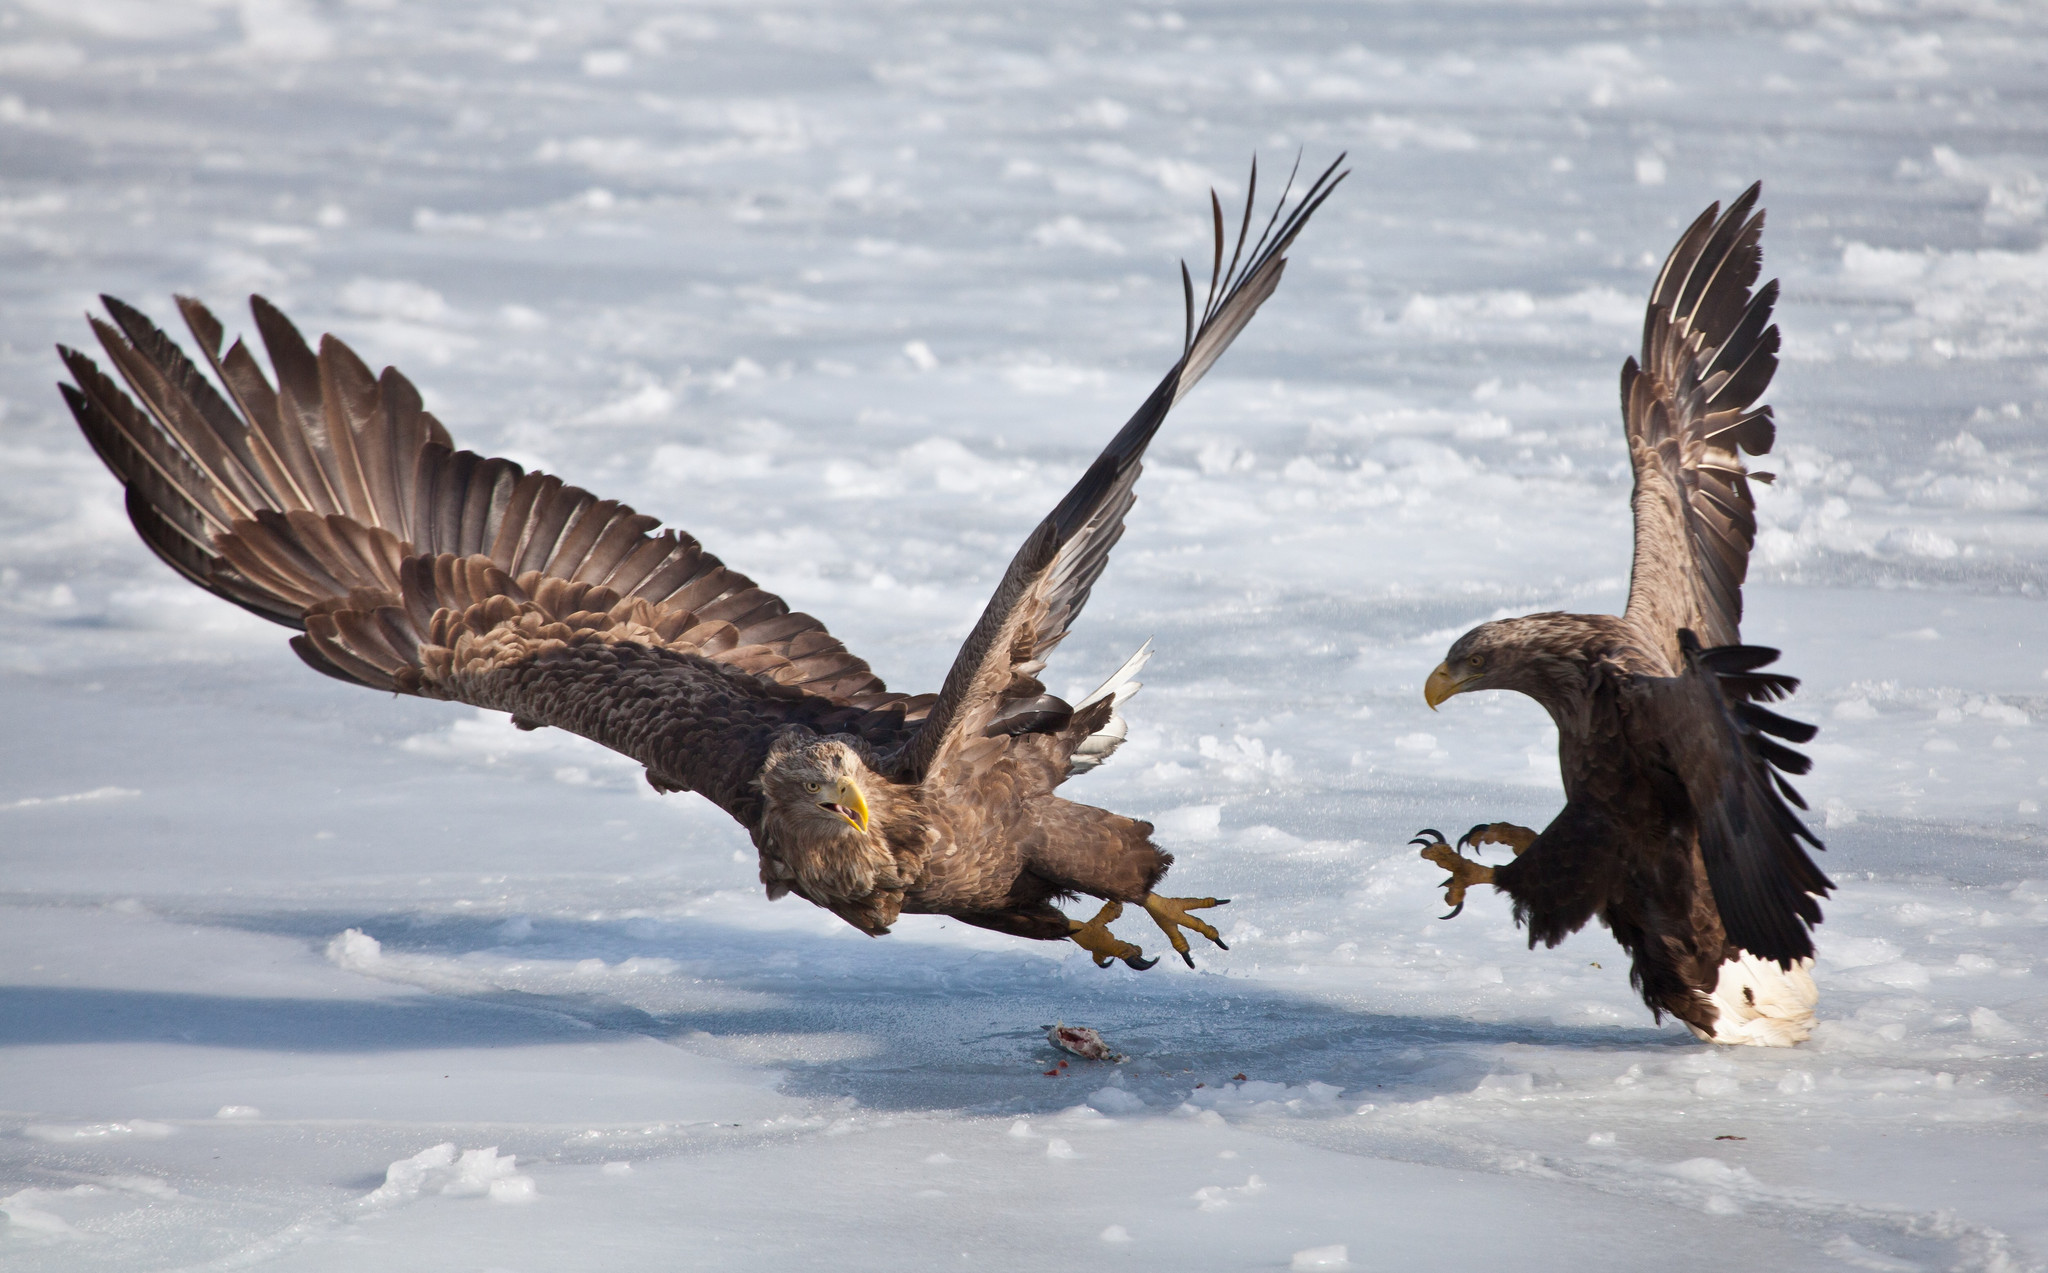 俄罗斯:两只鹰为争一条鱼开打 冰上大战数回合
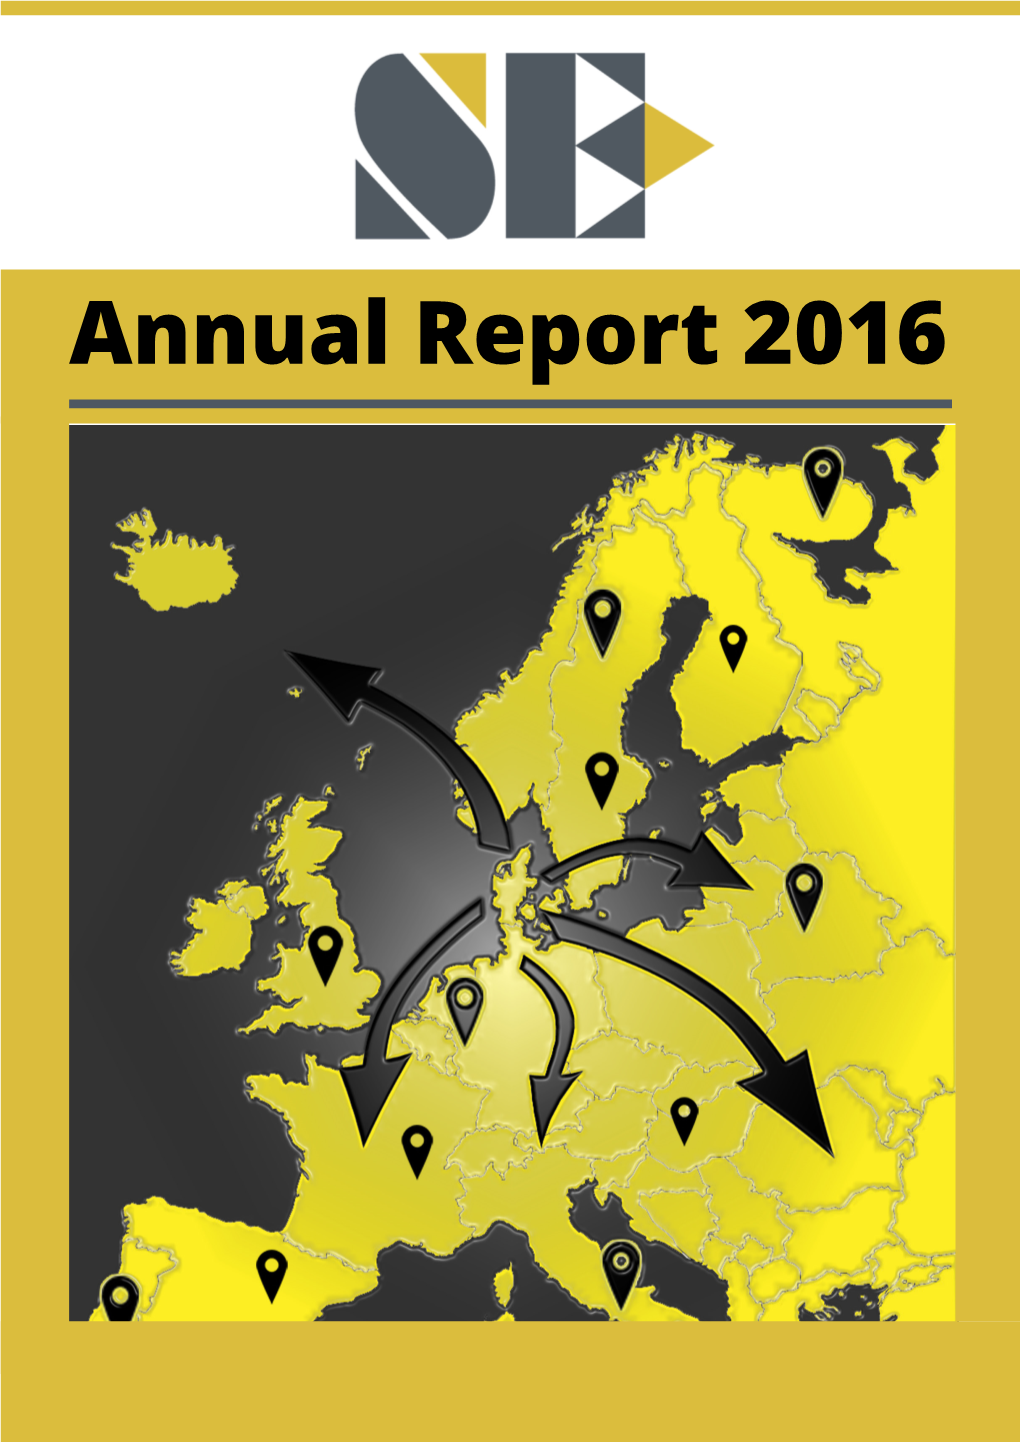 Annual Report 2016 Index
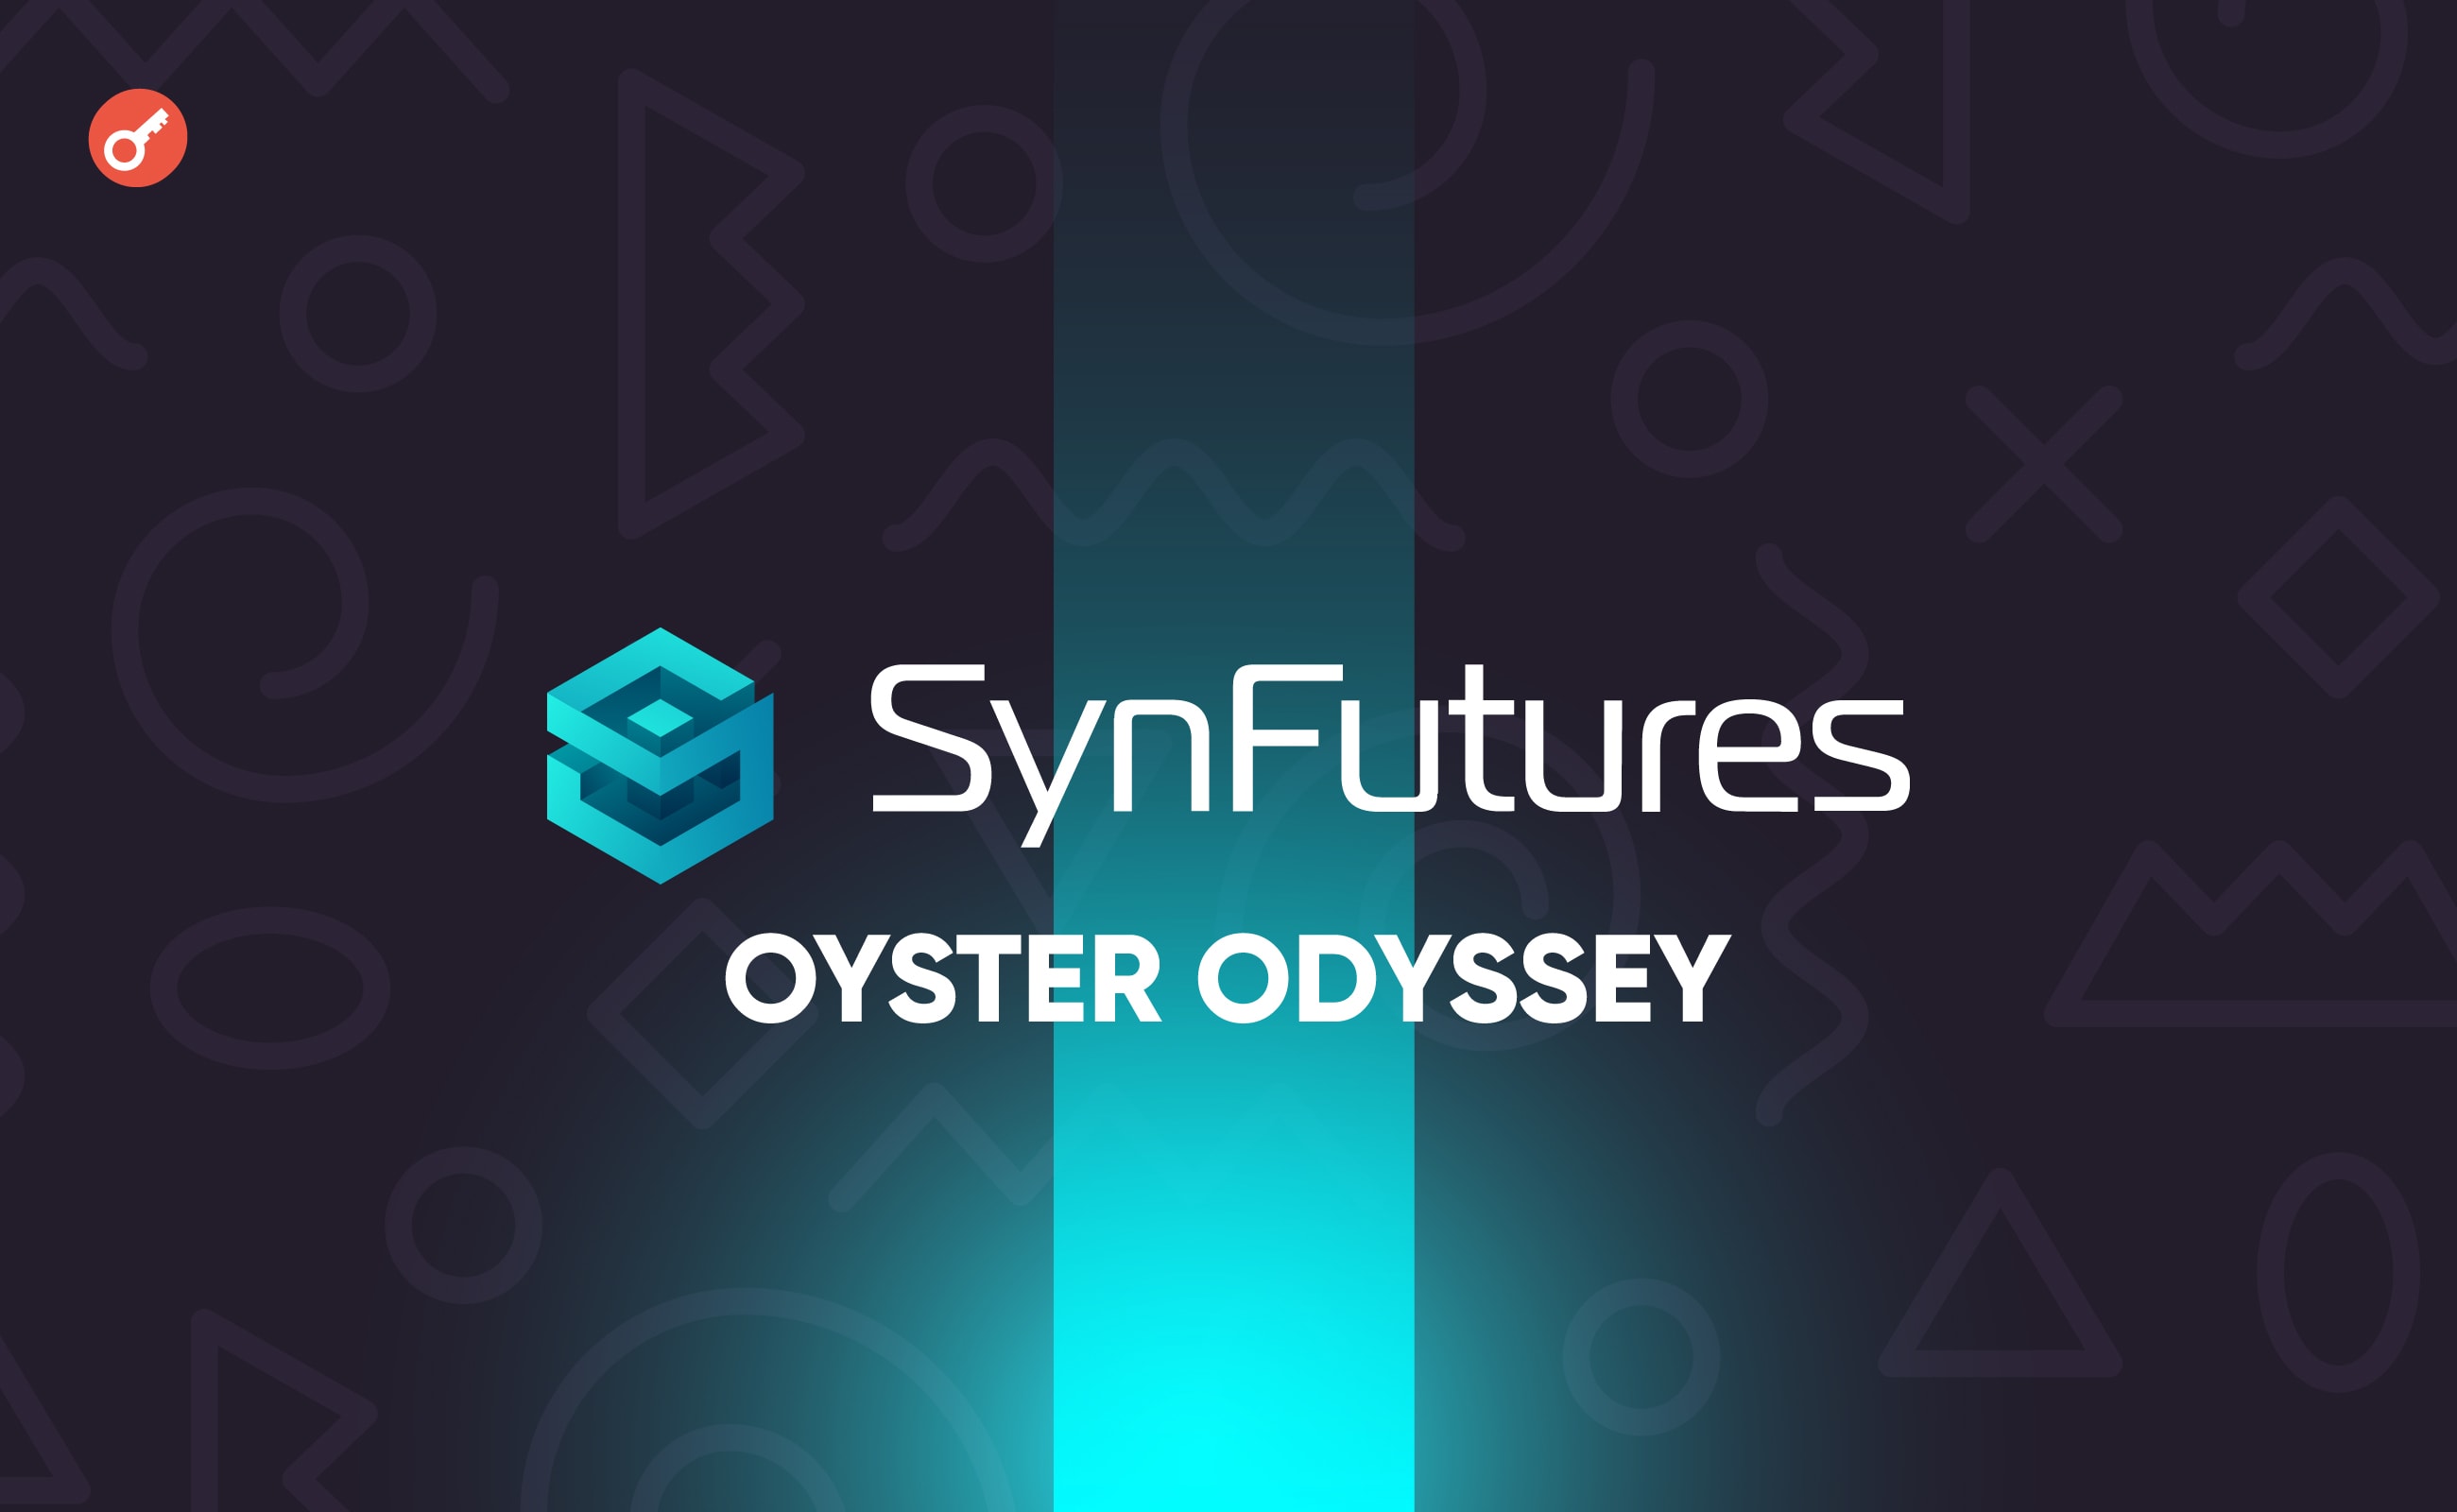 Платформа SynFutures V3 запустилась в сети Blast и представила программу Oyster Odyssey. Заглавный коллаж новости.
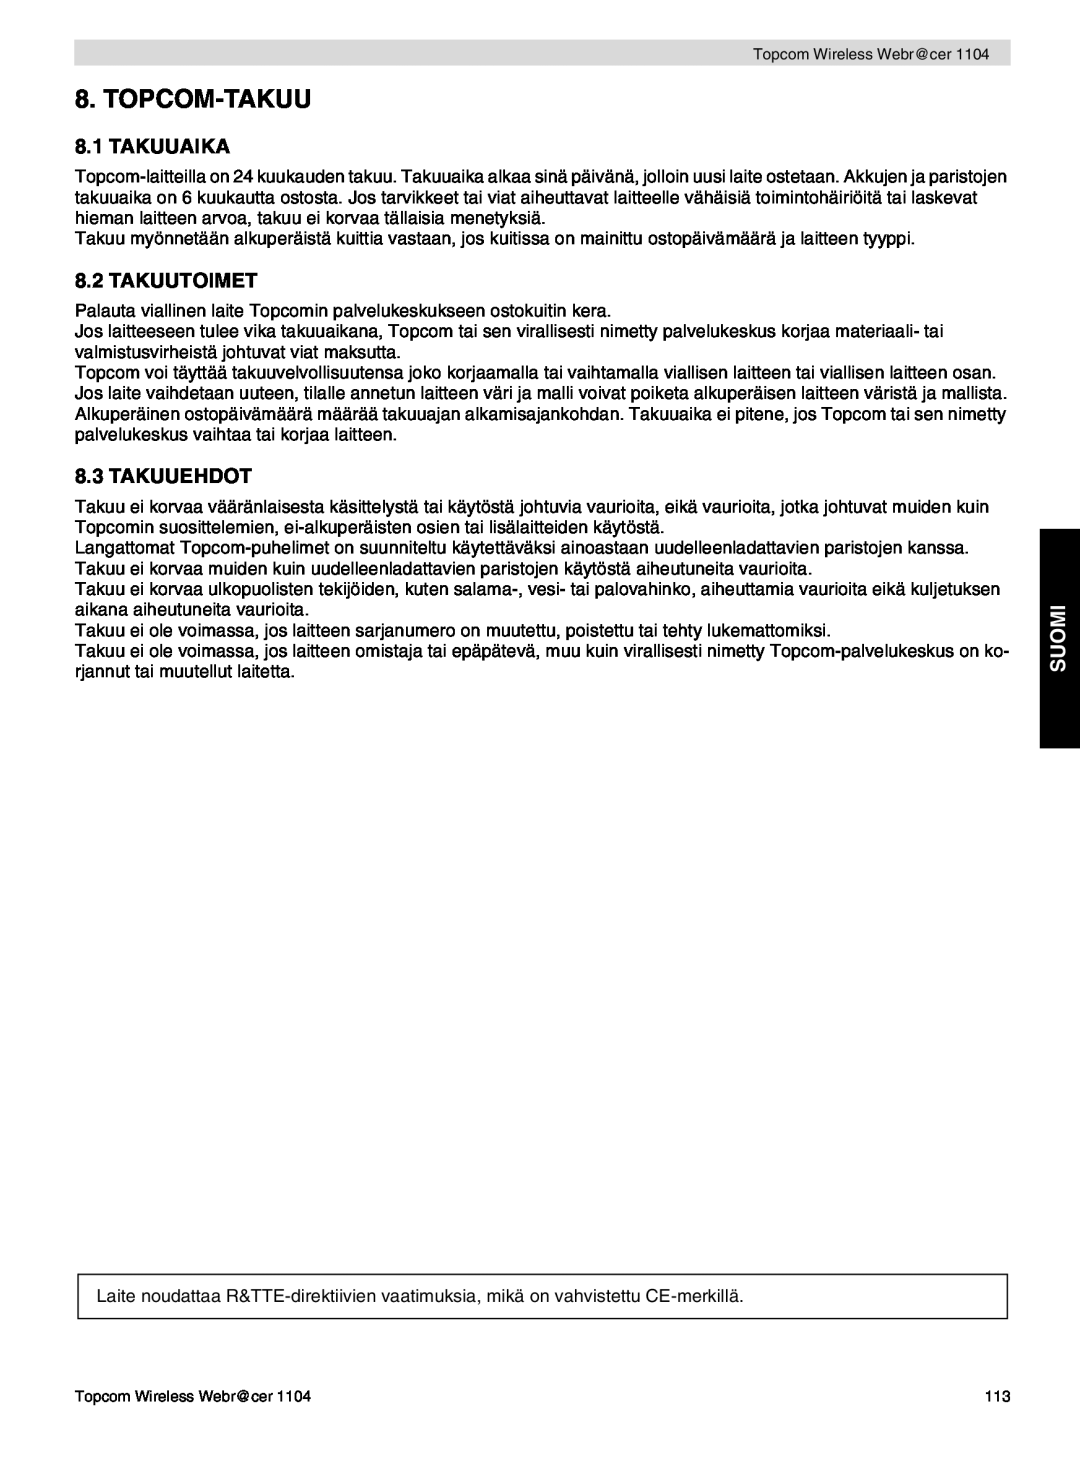 Topcom 1104 manual do utilizador Topcom-Takuu, Takuuaika, Takuutoimet, Takuuehdot, Suomi

Exercise aim = Repeat the listing word for word, and skip every picture it contains.

Solution for this task =
 俄罗斯:两只鹰为争一条鱼开打 冰上大战数回合
 Annual Report 2016 Index
 Платформа SynFutures V3 запустилась в сети Blast и представила программу Oyster Odyssey. Заглавный коллаж новости.
 Topcom 1104 manual do utilizador Topcom-Takuu, Takuuaika, Takuutoimet, Takuuehdot, Suomi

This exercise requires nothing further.